Call for me is different than for staff attendings (real doctors). Because I'm a resident, I function as a doctors eyes/ears, essentially, so they can stay at home and advise over the phone for an appropriate care of action. Essentially, staff doctors function as our "backup" for day-to-day issues, and we run by our care plan and addmissions by them for all new admissions.
Our requirements are 26 hours direct patient care maximum, and we are paid about $175 or so for a weekend 26 hr block. The maximum you can be on call is 1:4 on average in a month (which means you are on call every 4 days, ie: Monday call, Tuesday sleep, Wed regular ward duties, Thursday call).
We have to answer our pages ASAP - generally I try to answer < 5 minutes, and we can have up to 2 hrs to respond in person in a hospital, if we are on home call. We have rapid pagers as well, and when those go off you're expected to be in hospital ASAP. There are also code pagers for STAT response, but luckily, I don't have to carry a code pager.
In addition, we are expected to teach the medical students who are on call with us, as well as any other individuals from other professions (sometimes we get EMS, nursing, etc who want to come along for call).
Right now, we are responsible for all the patients on three medical wards, and the emergency department if they are admitted to us and awaiting a bed on the ward. We are additionally responsible for "consultation" to see the ER patients whom the ER doctor feels should be assessed, or any inpatients who may require additional help.
Hope that helps
ETA: Thistle, what your paediatrician has is "outpatient" call. What I have described above is inpatient call Outpatient docs always have "send to ER" as an option, and then they become the responsibility of the doc on inpatient call, if deemed necessary by ER doc (who work shifts).

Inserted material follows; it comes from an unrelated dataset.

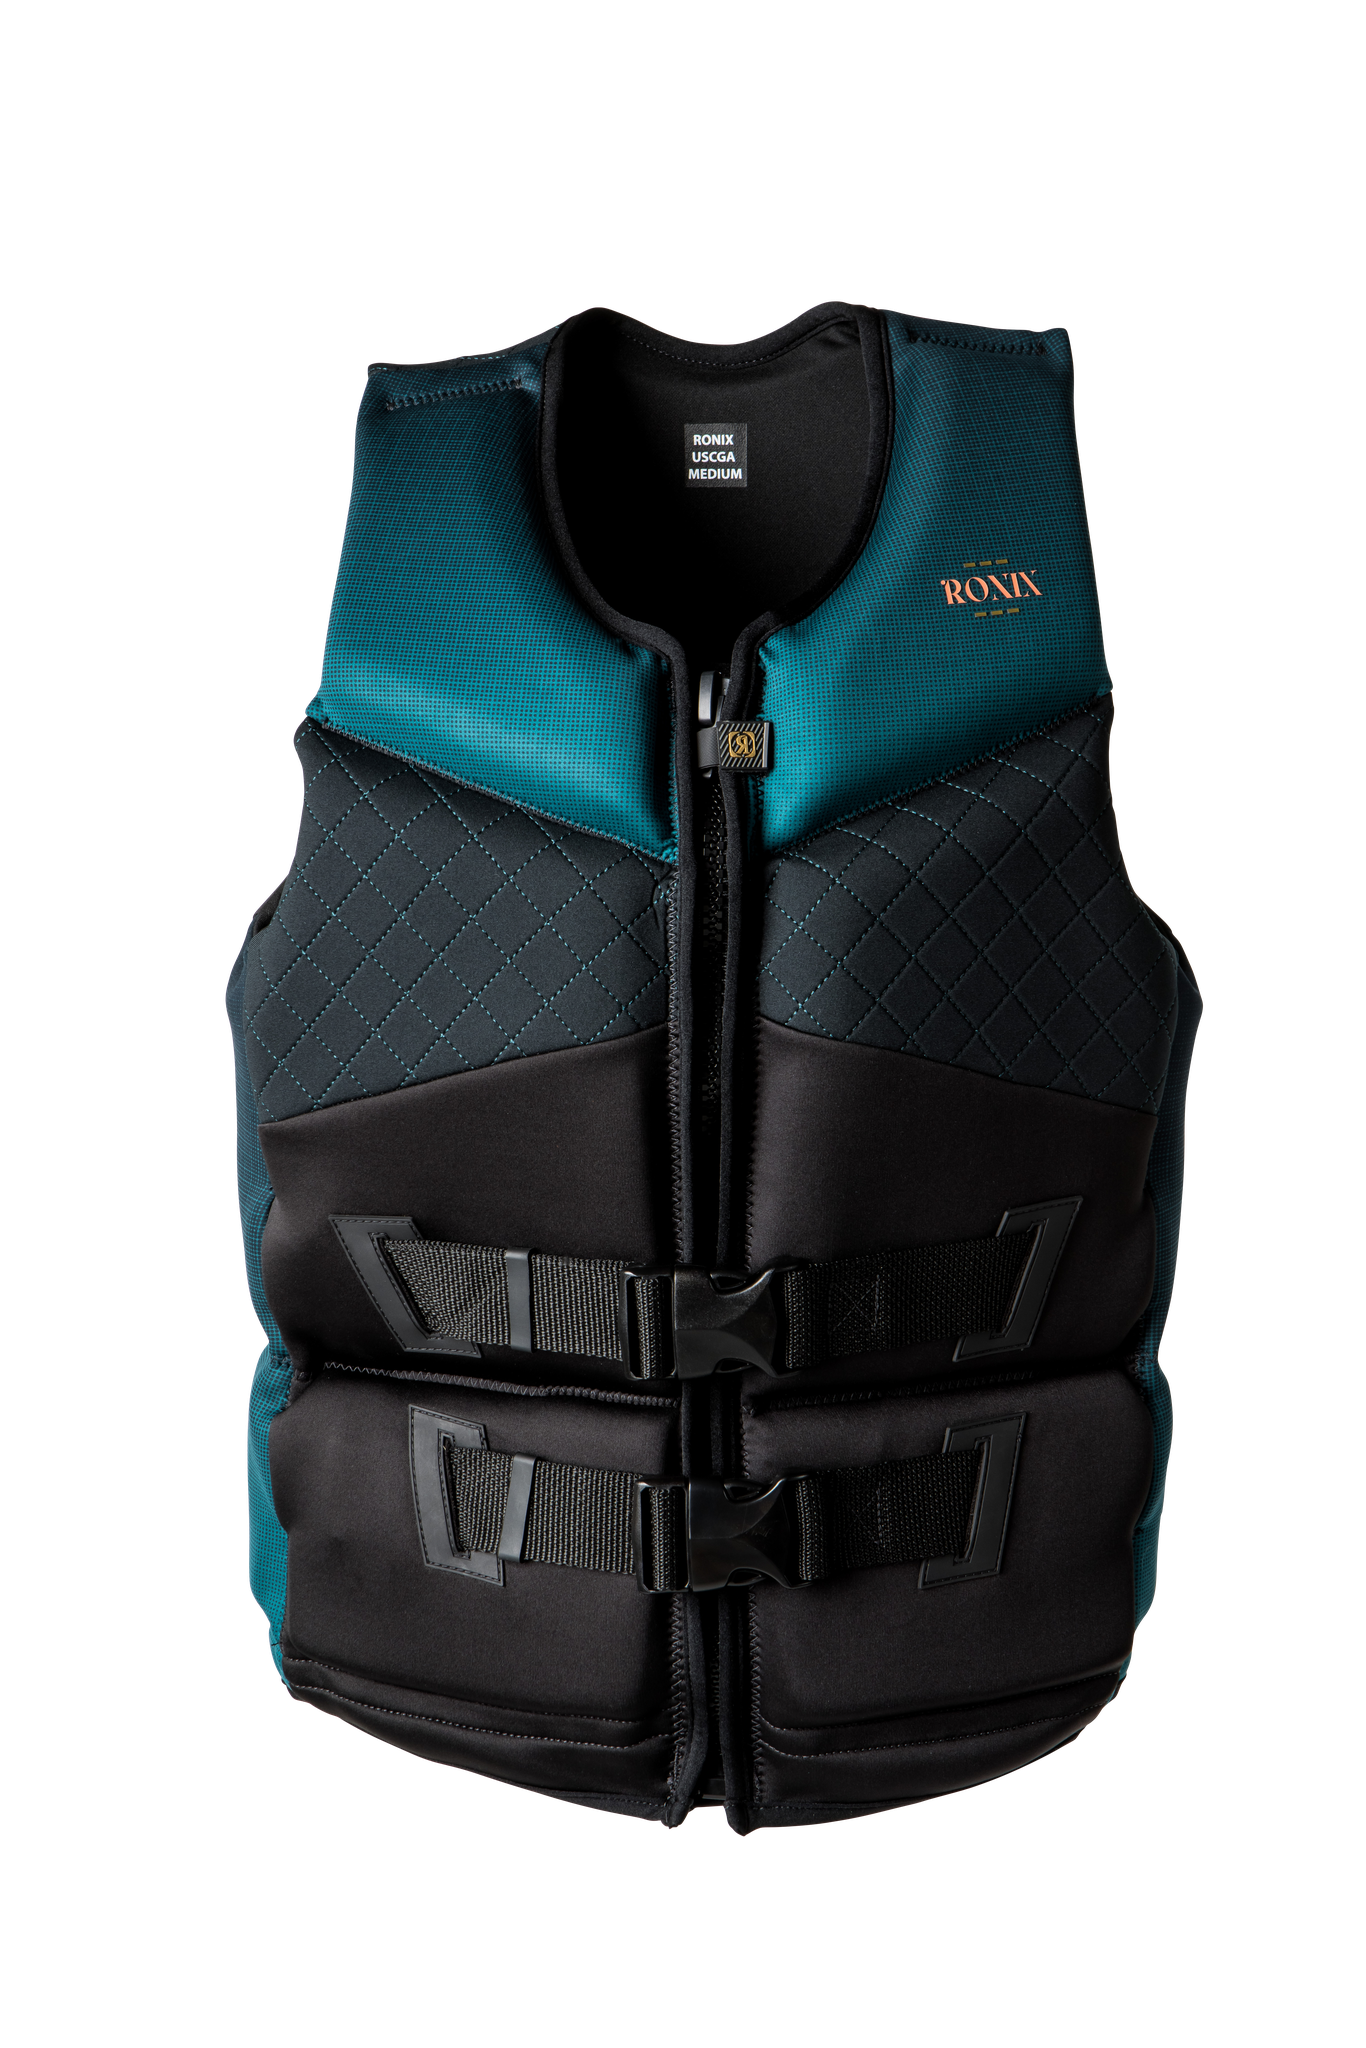 The Ronix Women's Imperial Capella 3.0 CGA Vest, a women's life jacket with a stylish blue and black design, is water-resistant to ensure optimal functionality and safety in aquatic activities.

ETA#2: I am a resident at a teaching hospital - so our staff attendings have us to help them out on call! Most of them are very lovely and will come to the hospital if we need them to, and sometimes their billing is different if they see the patients vs. review on them on the phone. There are also "physician extenders" who function as residents but are full GP's who work as "eyes and ears" of specialties - they bill about $1000/24 hr period.